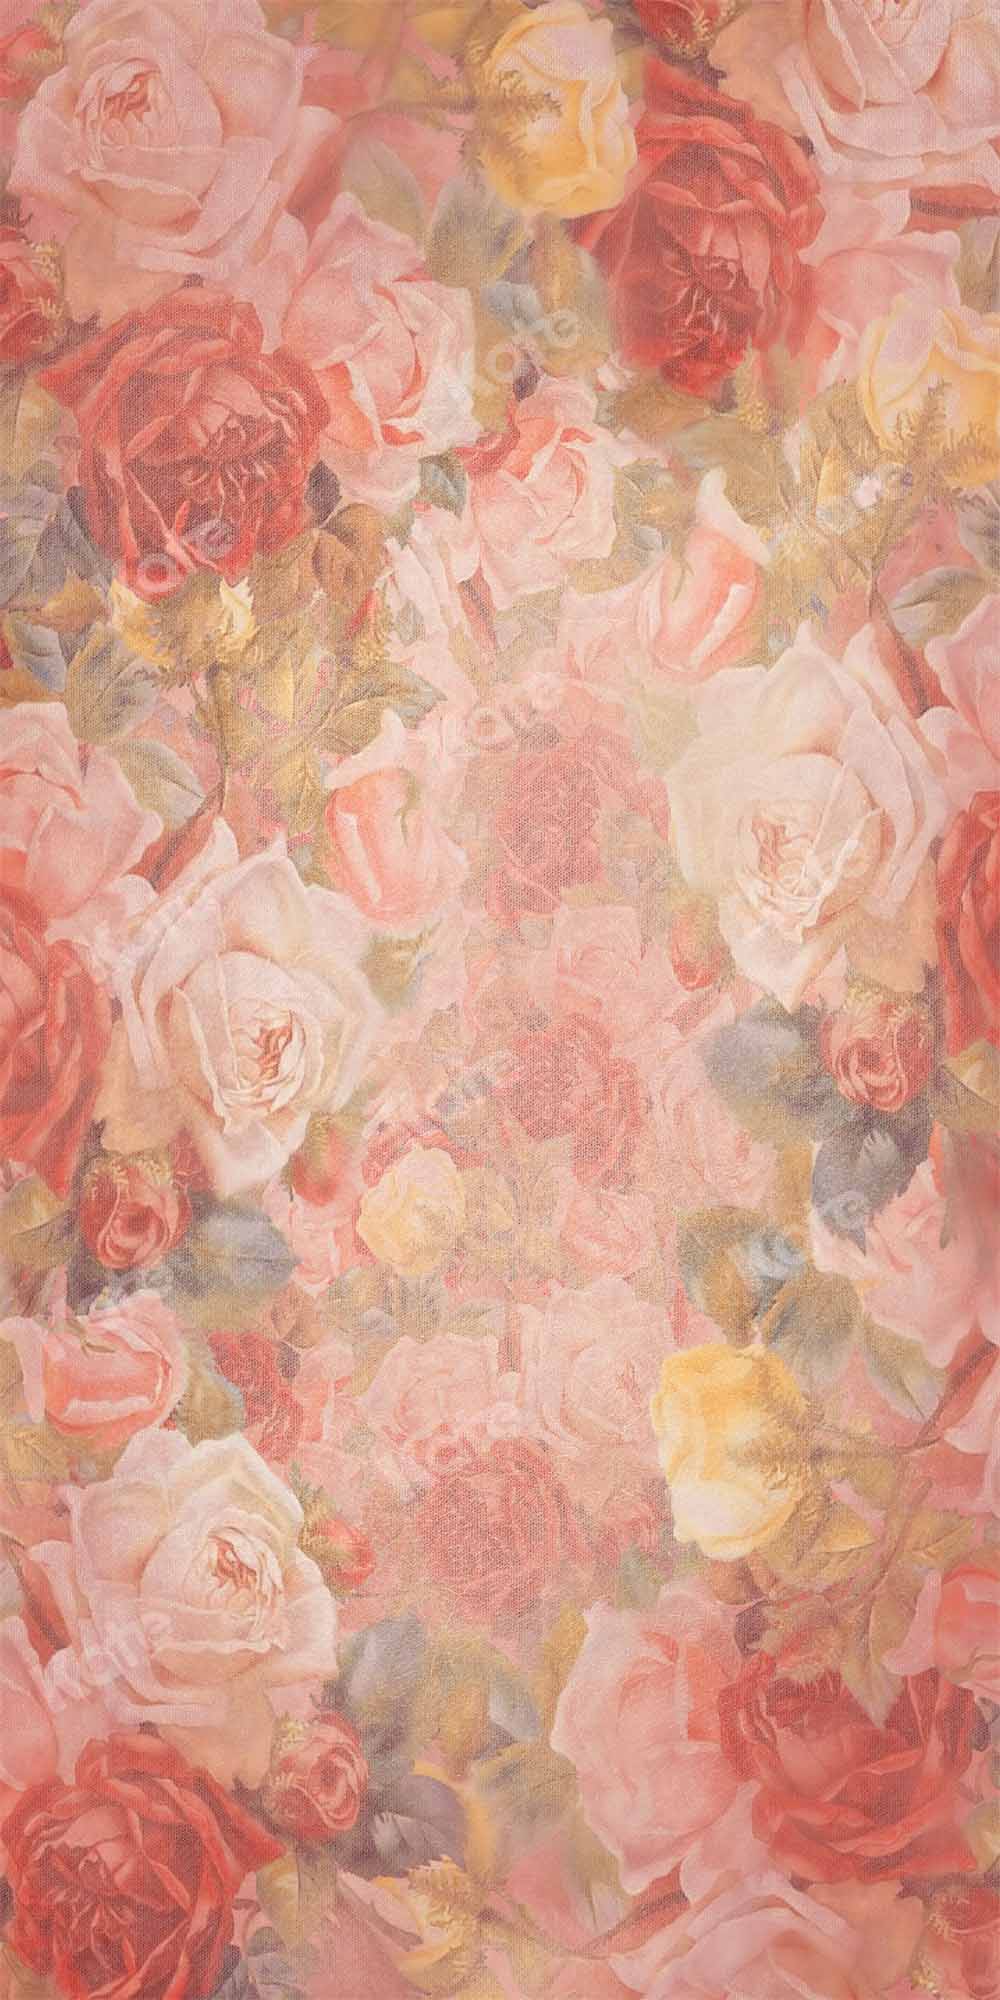 Super Sale-A Kate Valentinstag Textur Hintergrund Geburtstag Blumen von GQ
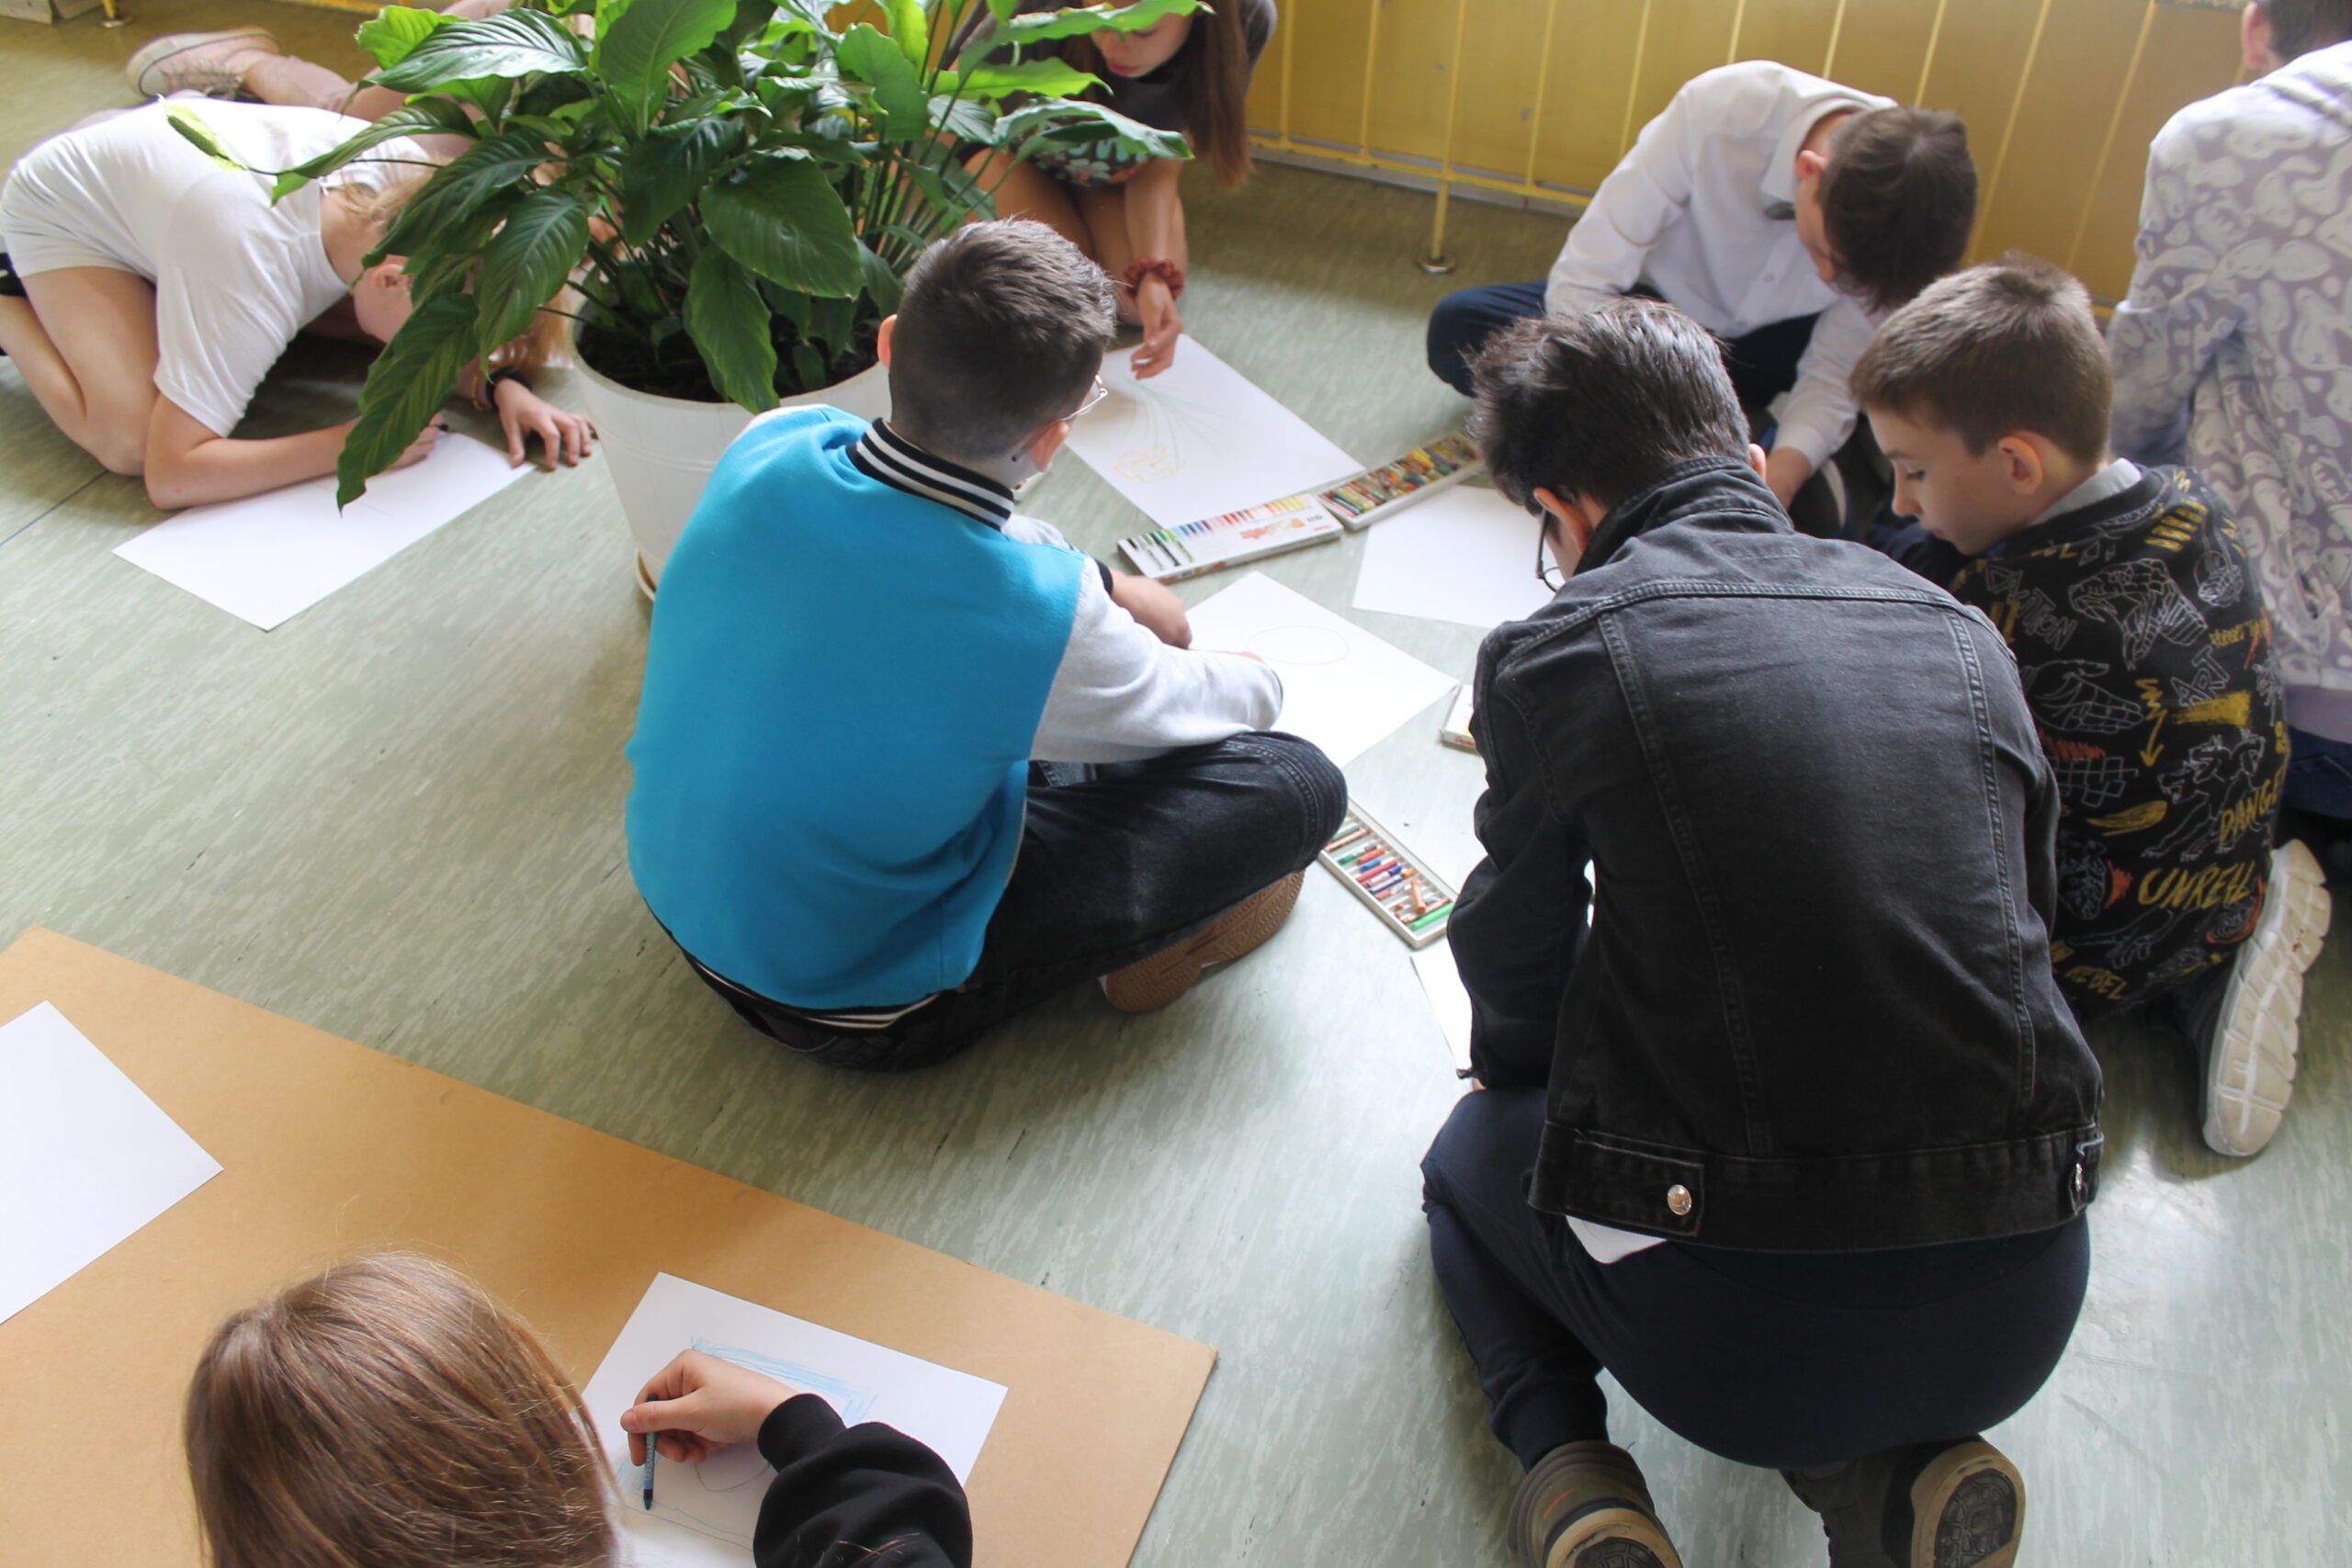 Święto Szkoły maj 2023. Uczniowie po uroczystej akademii biorą udział w zabawach na terenie szkoły - malowanie na kartonach
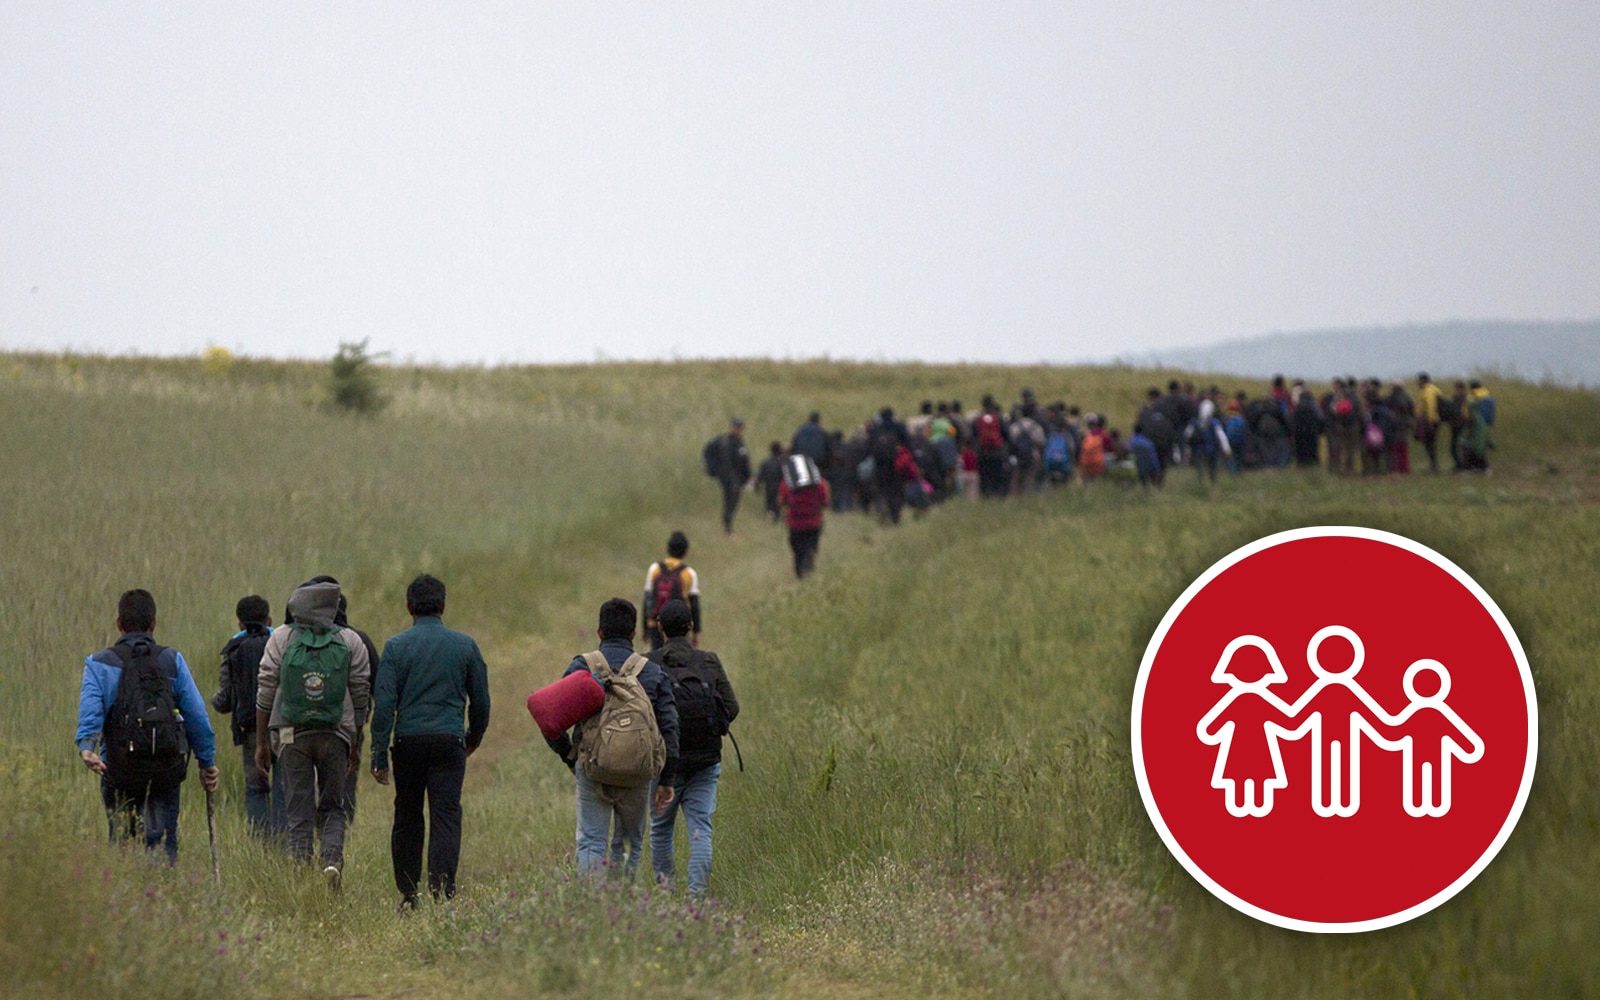  .: Un gruppo di profughi attraversa un campo passando in mezzo a una fitta distesa d’erba.

## What you are asked to do
Reproduce the entire listing exactly, except for any pictures it contains.

## Response to the task
 Super Sale-A Kate Valentinstag Textur Hintergrund Geburtstag Blumen von GQ
 Święto Szkoły maj 2023. Uczniowie po uroczystej akademii biorą udział w zabawach na terenie szkoły - malowanie na kartonach
  .: Un gruppo di profughi attraversa un campo passando in mezzo a una fitta distesa d’erba.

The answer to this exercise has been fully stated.